### Data extracts
################

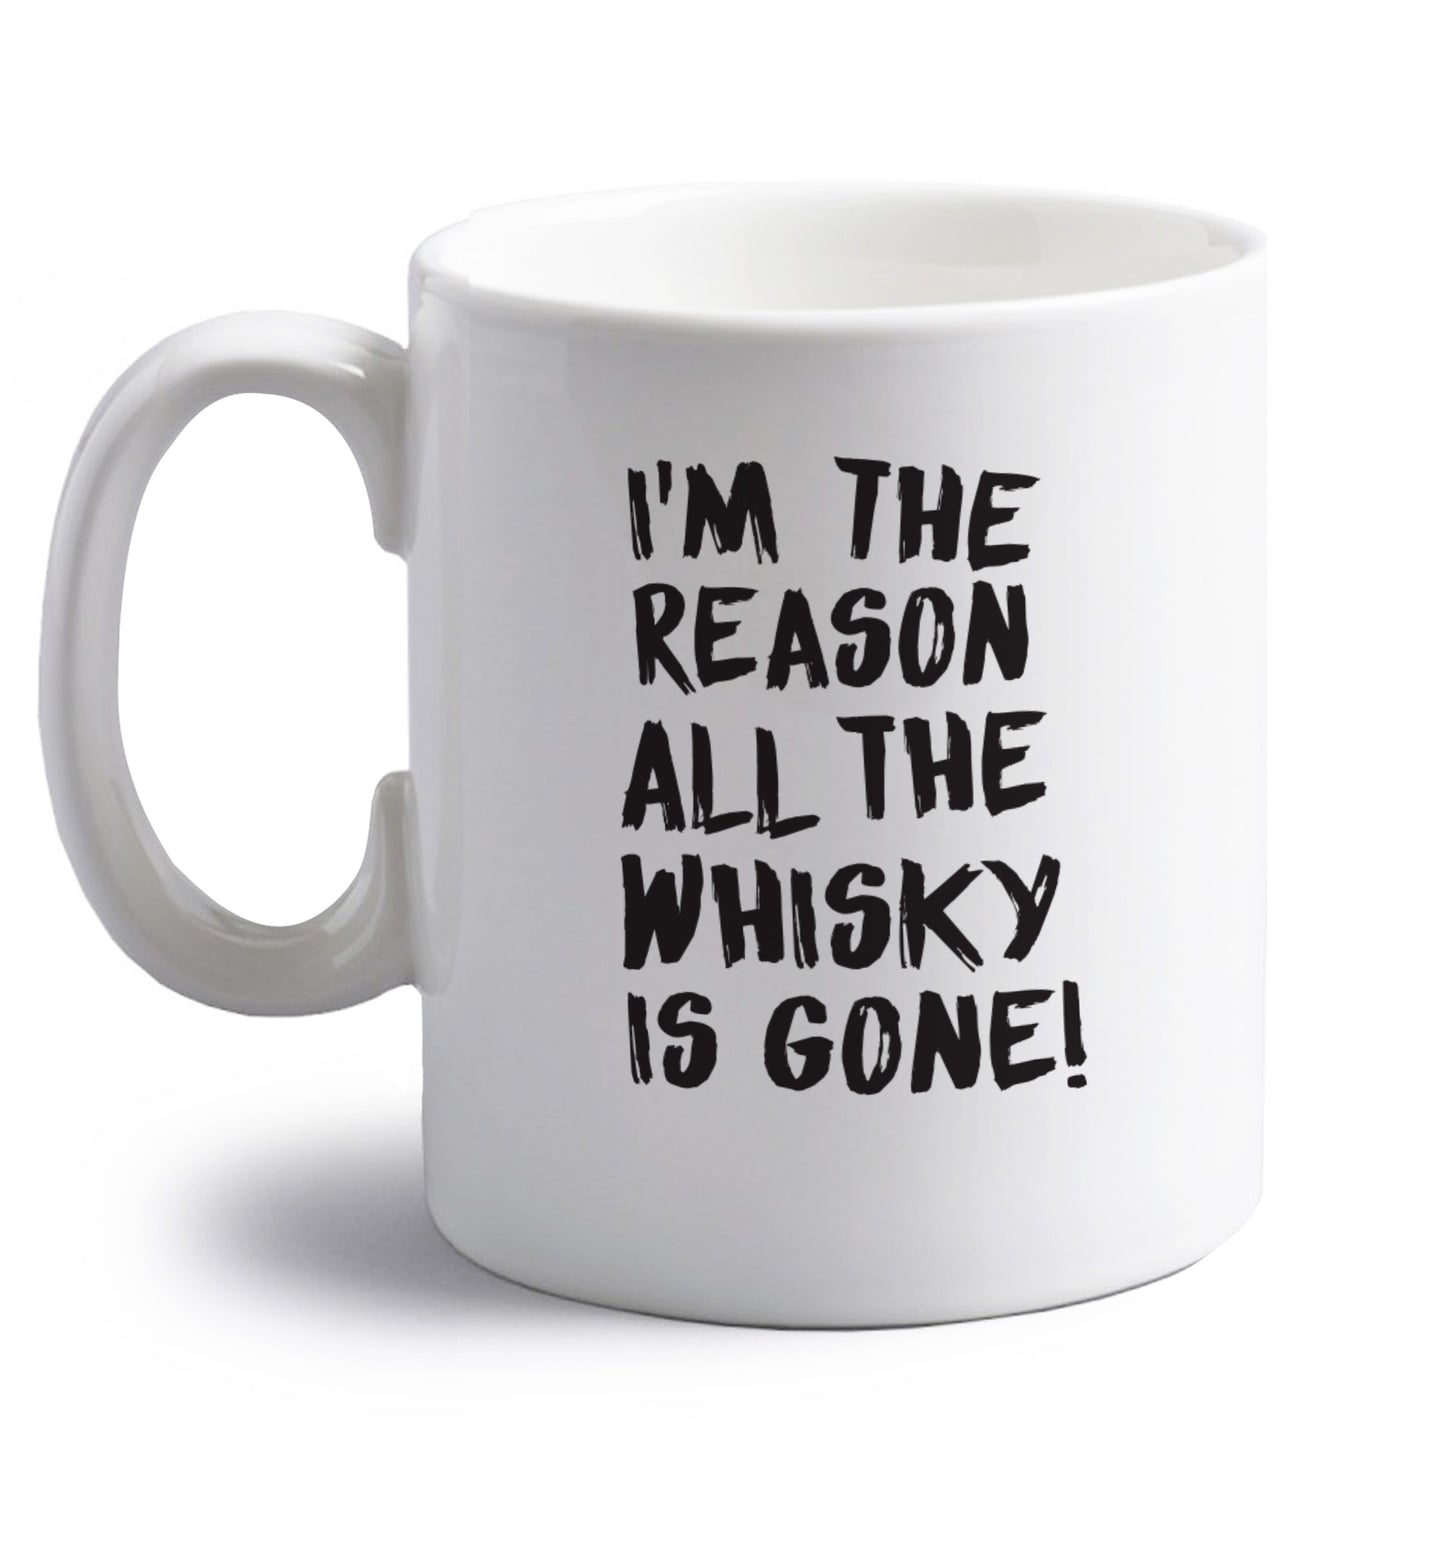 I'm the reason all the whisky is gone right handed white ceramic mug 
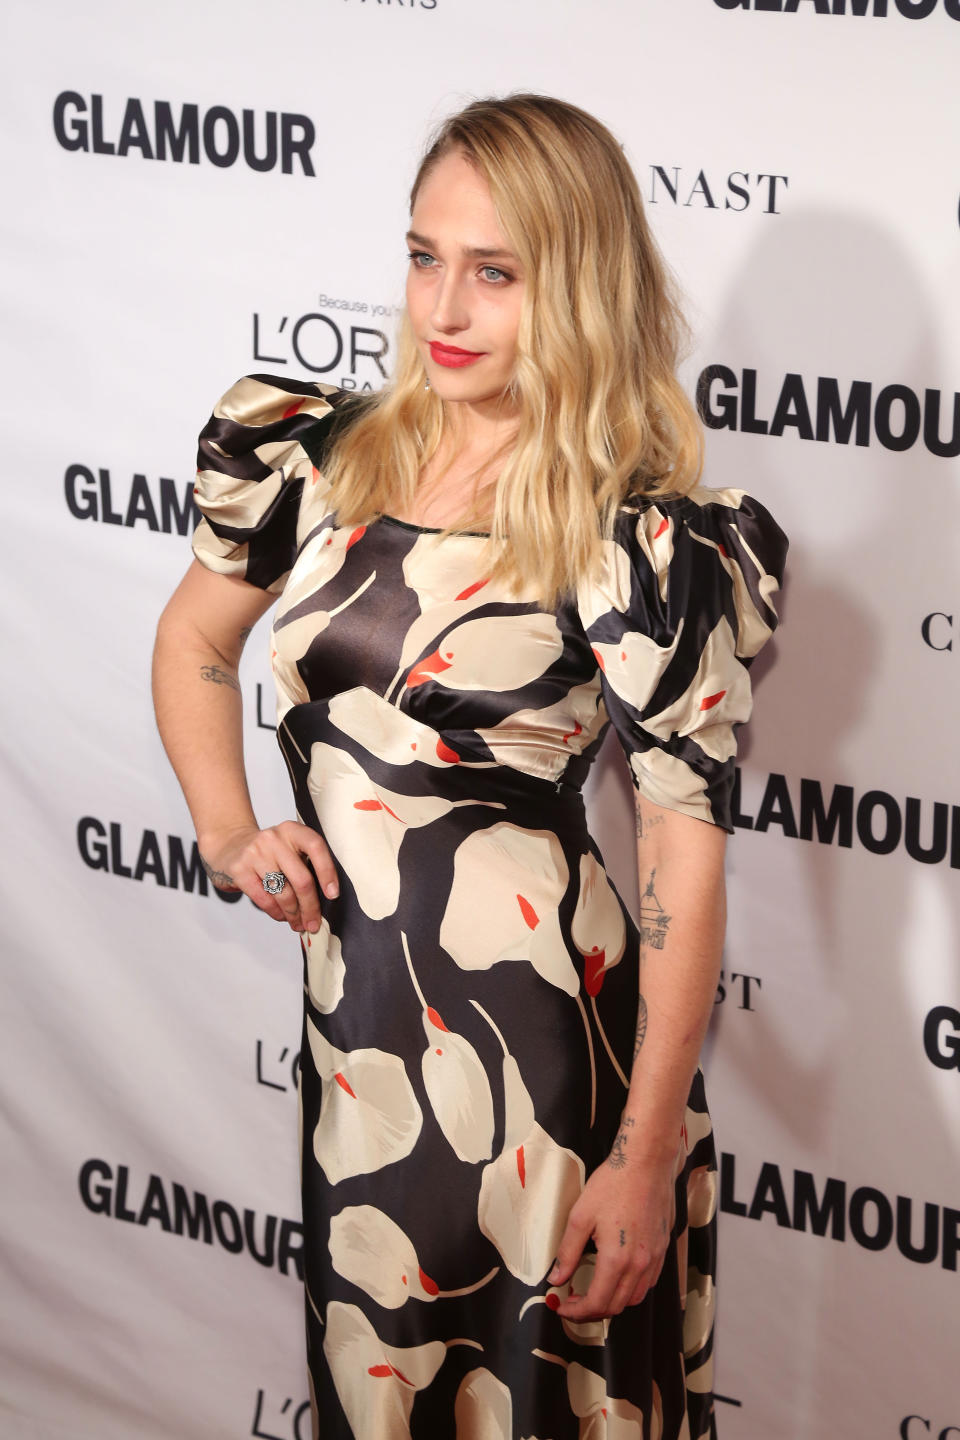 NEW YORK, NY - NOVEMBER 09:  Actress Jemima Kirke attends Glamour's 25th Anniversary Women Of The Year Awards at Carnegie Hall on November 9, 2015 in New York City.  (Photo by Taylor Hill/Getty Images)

################

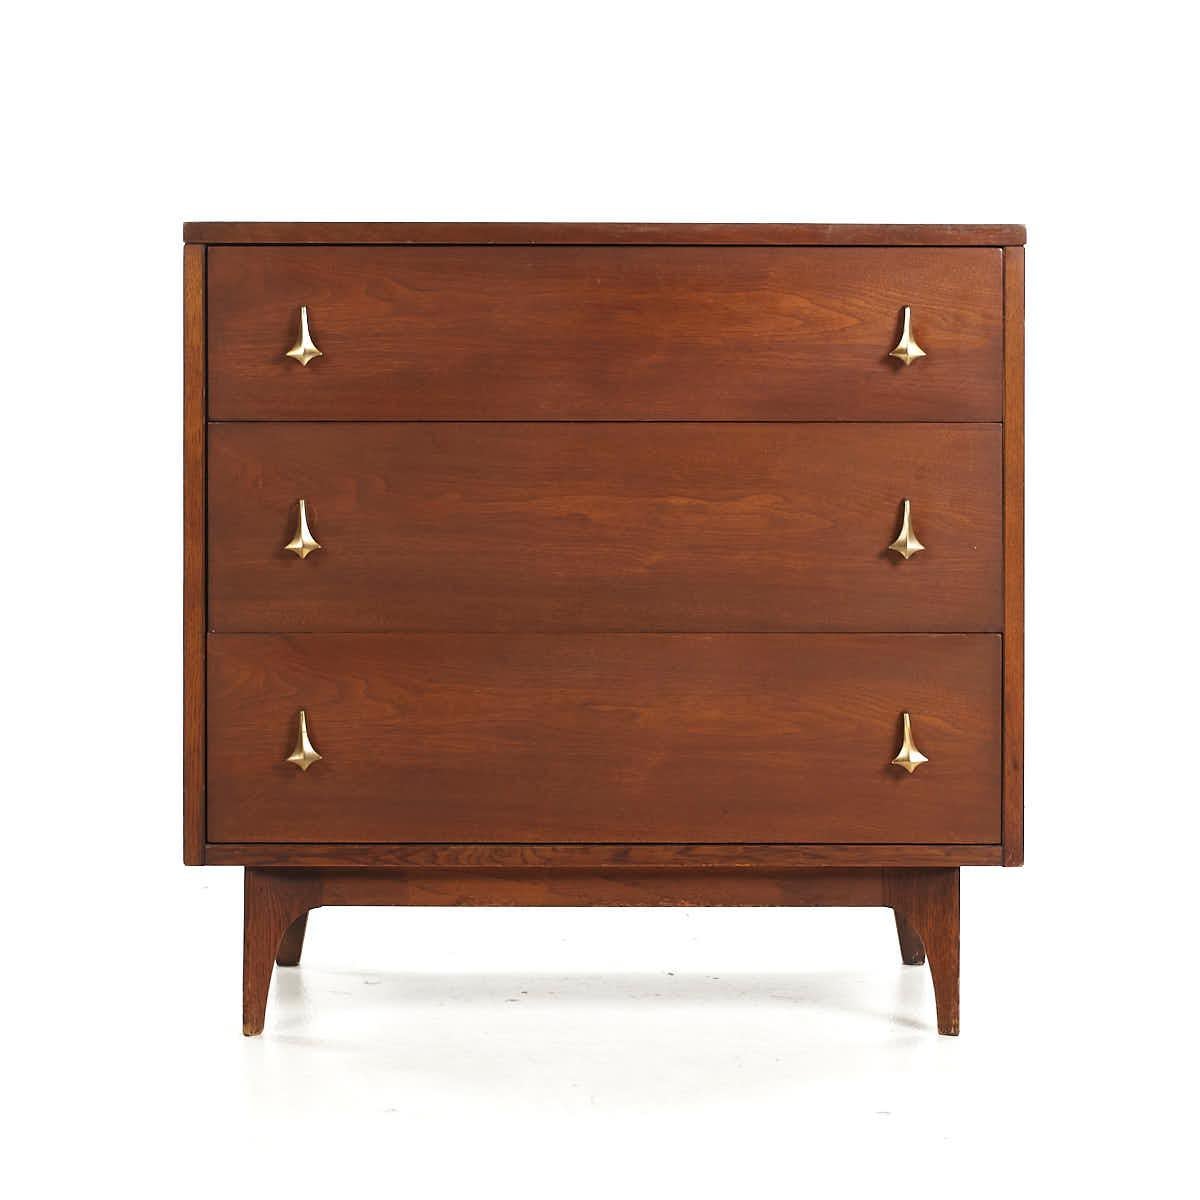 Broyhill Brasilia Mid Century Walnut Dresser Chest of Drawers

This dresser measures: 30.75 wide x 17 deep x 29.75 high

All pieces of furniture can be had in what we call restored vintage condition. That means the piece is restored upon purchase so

################

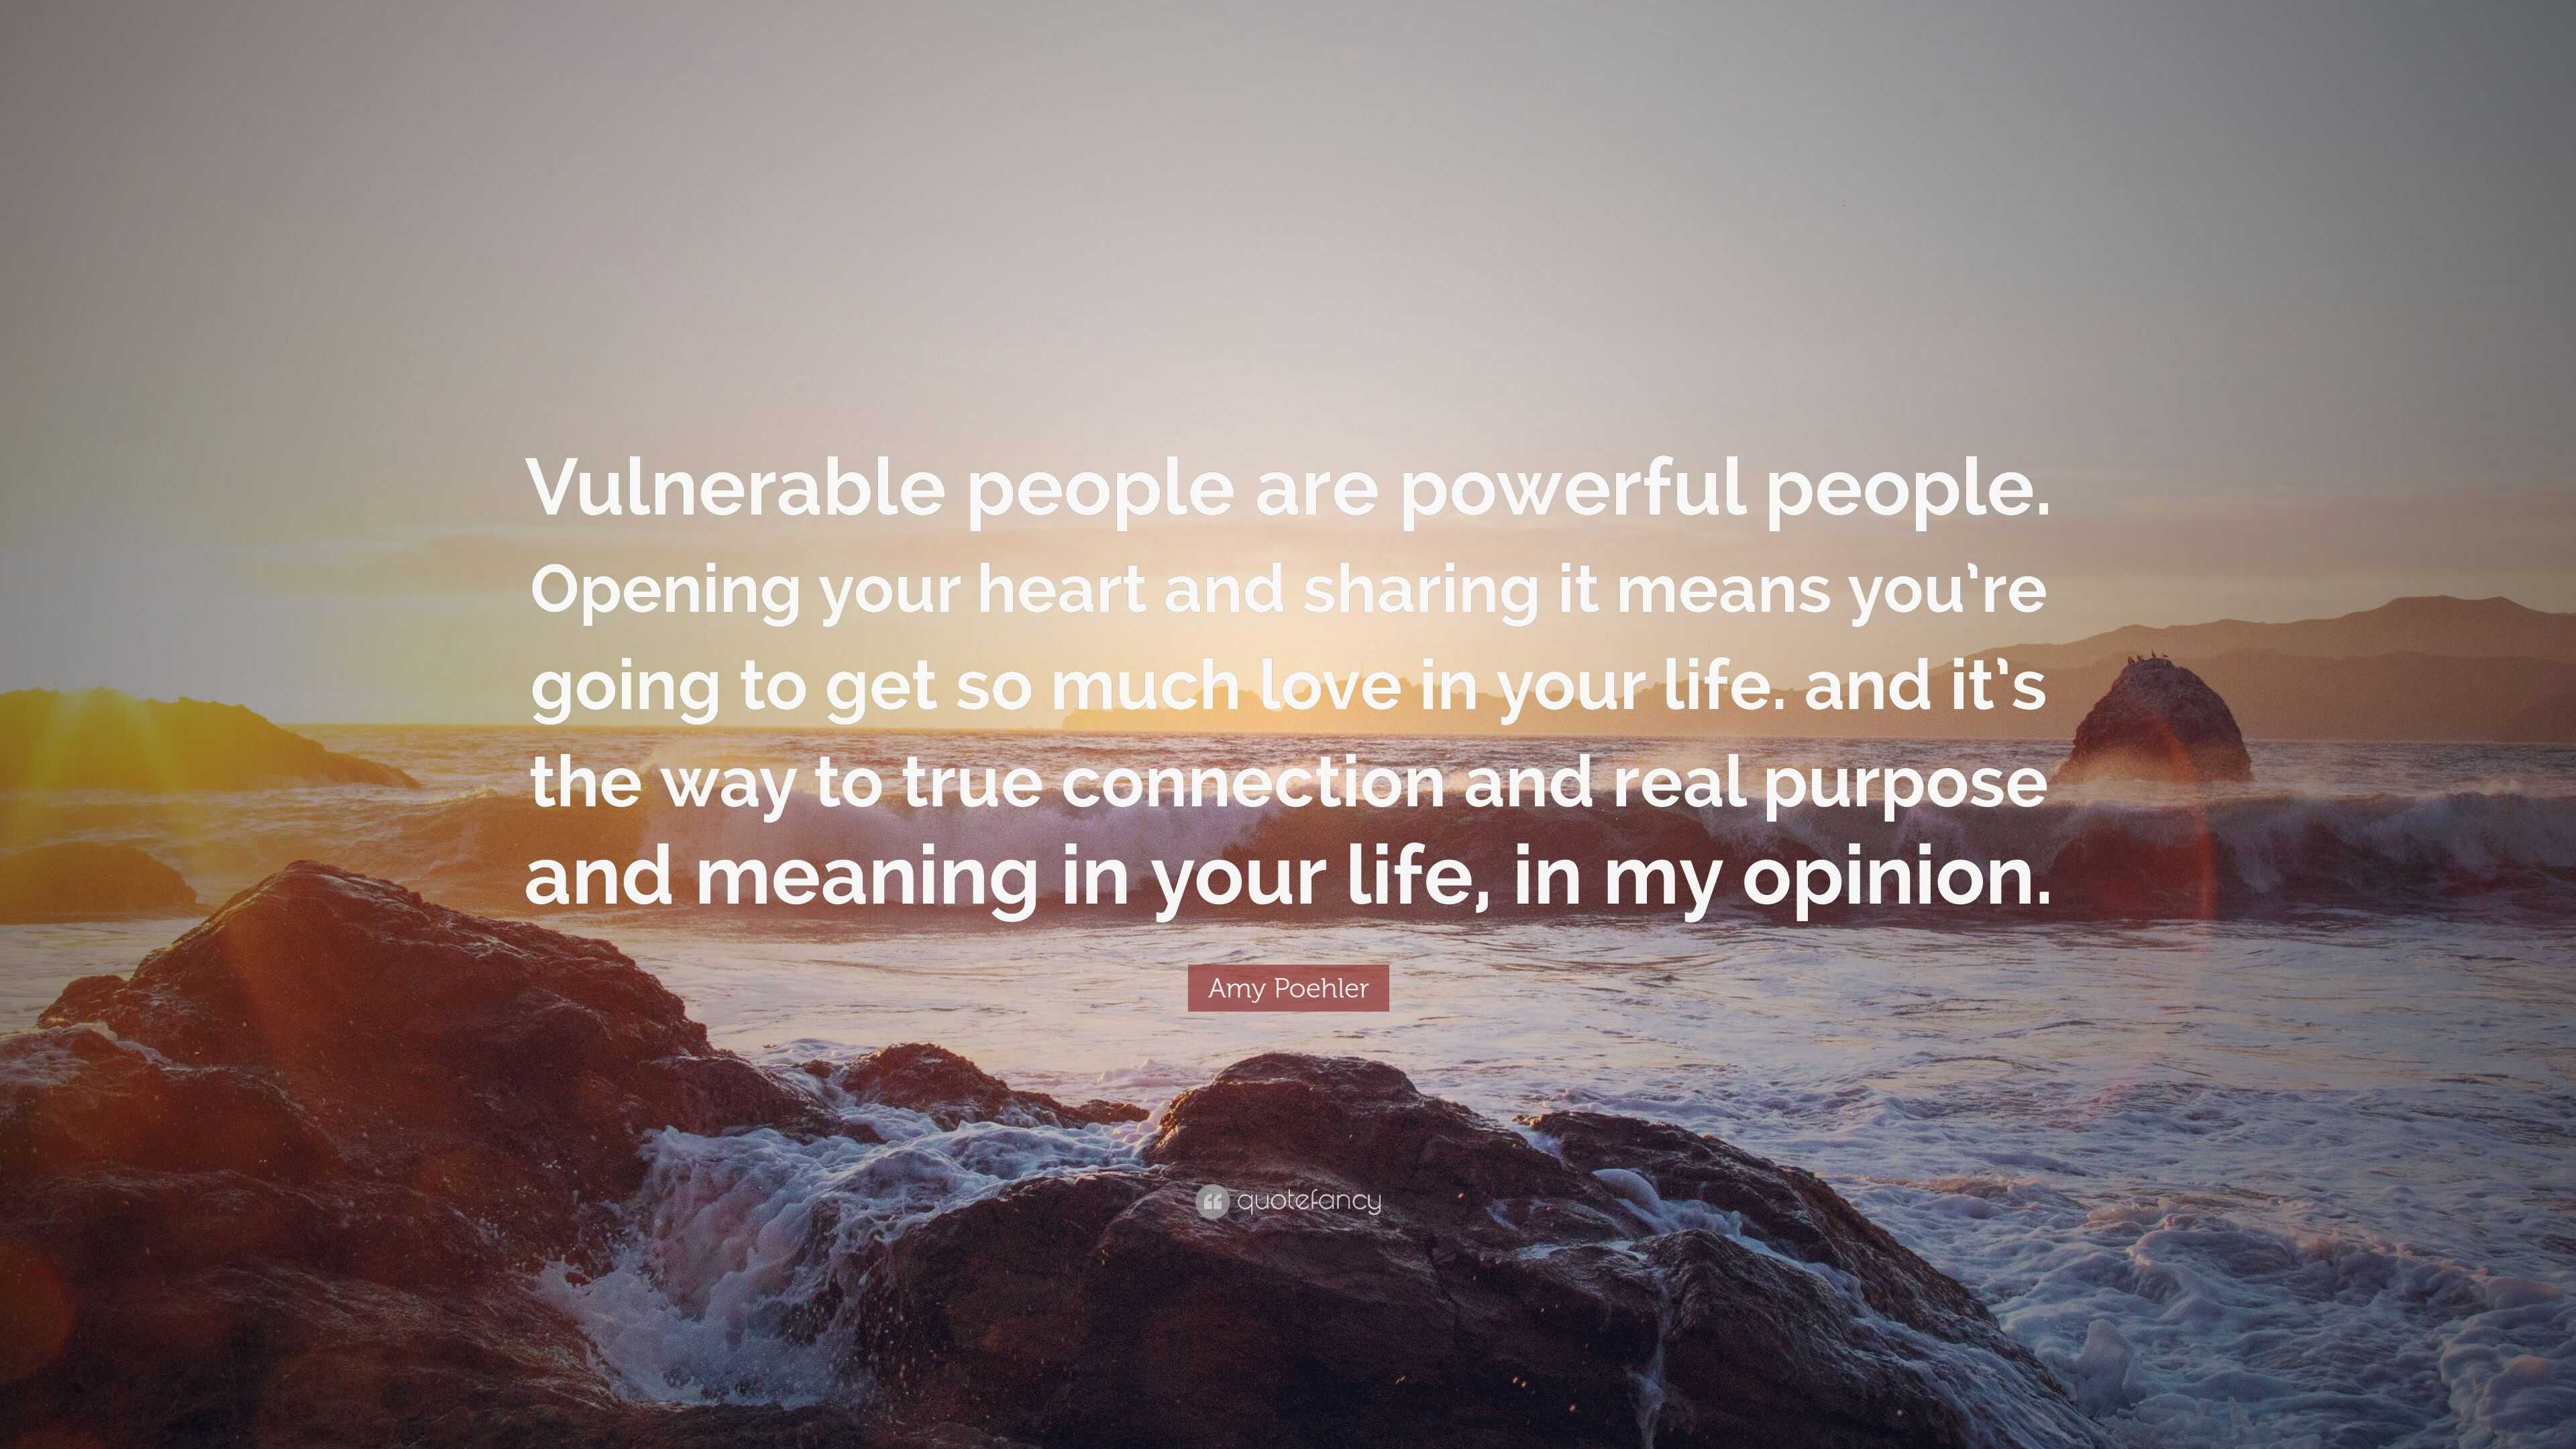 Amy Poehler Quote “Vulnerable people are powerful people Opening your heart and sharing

################

### What the task asks
No picture is to be printed. Output exactly the lines above from the line containing "I'm the reason" through the line containing "NEW YORK, NY".

### Your response
 I'm the reason all the whisky is gone right handed white ceramic mug 
 NEW YORK, NY - NOVEMBER 09:  Actress Jemima Kirke attends Glamour's 25th Anniversary Women Of The Year Awards at Carnegie Hall on November 9, 2015 in New York City.  (Photo by Taylor Hill/Getty Images)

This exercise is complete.